J’ai déjà dit le tort que j’avais eu de le remplacer dans le film par une femme. Il s’agit là d’une erreur si grande, si grossière que même une actrice comme Delphine Seyrig n’a pas pu la corriger. Je ne veux pas revenir là-dessus sauf pour dire que si jamais l’histoire était reprise, soit au cinéma soit au théâtre, ce serait cette version-ci qui devrait être retenue et non pas celle du film ou de cette première pièce intitulée Suzanna Andler.

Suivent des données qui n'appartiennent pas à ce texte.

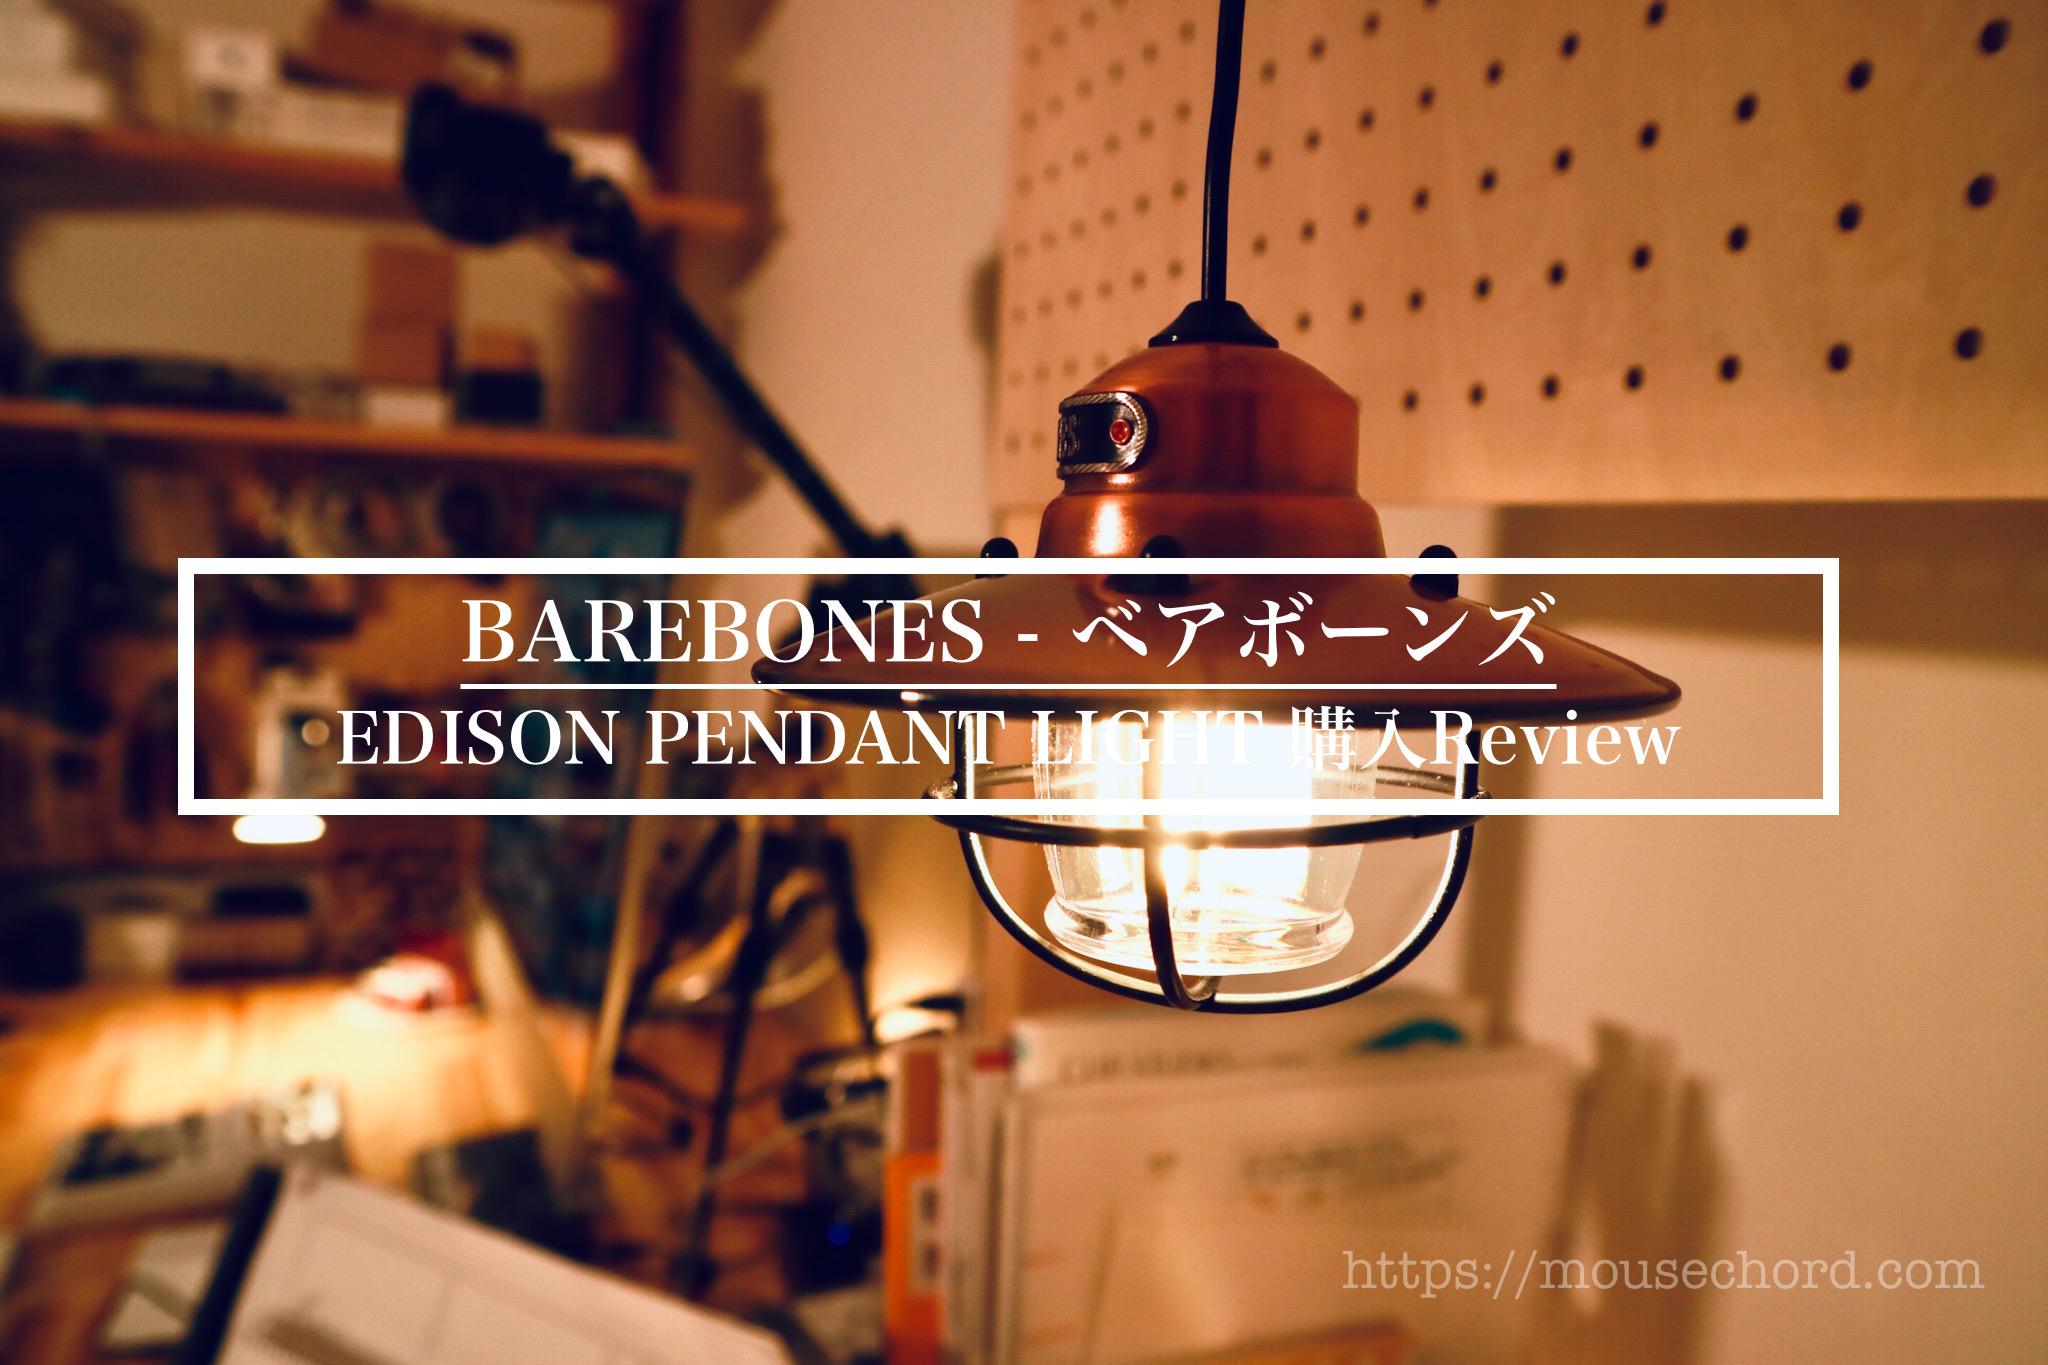 Barebones Edison Pendant Light購入review Mousechord Com

Au théâtre, mise à part la première scène d’exposition des faits, celle du bar, tout devrait se passer à l’intérieur de la villa où est terrée Véra Baxter. Les visites de la villa pourraient être gardées. Tandis qu’elles se dérouleraient les voix seraient off sur la scène vide. L’épisode de Chantilly devrait être supprimé. Les modifications du texte seraient minimes, elles devraient aller de soi, se rapporter surtout à la visite de Monique Combes, à la promenade des deux femmes dans la forêt. Des fenêtres, des portes vitrées devraient être prévues par lesquelles les gens regarderaient, verraient les parcs, la mer, la turbulence extérieure, le soir qui vient. (Marguerite Duras, préface à Vera Baxter ou les Plages de l'Atlantique).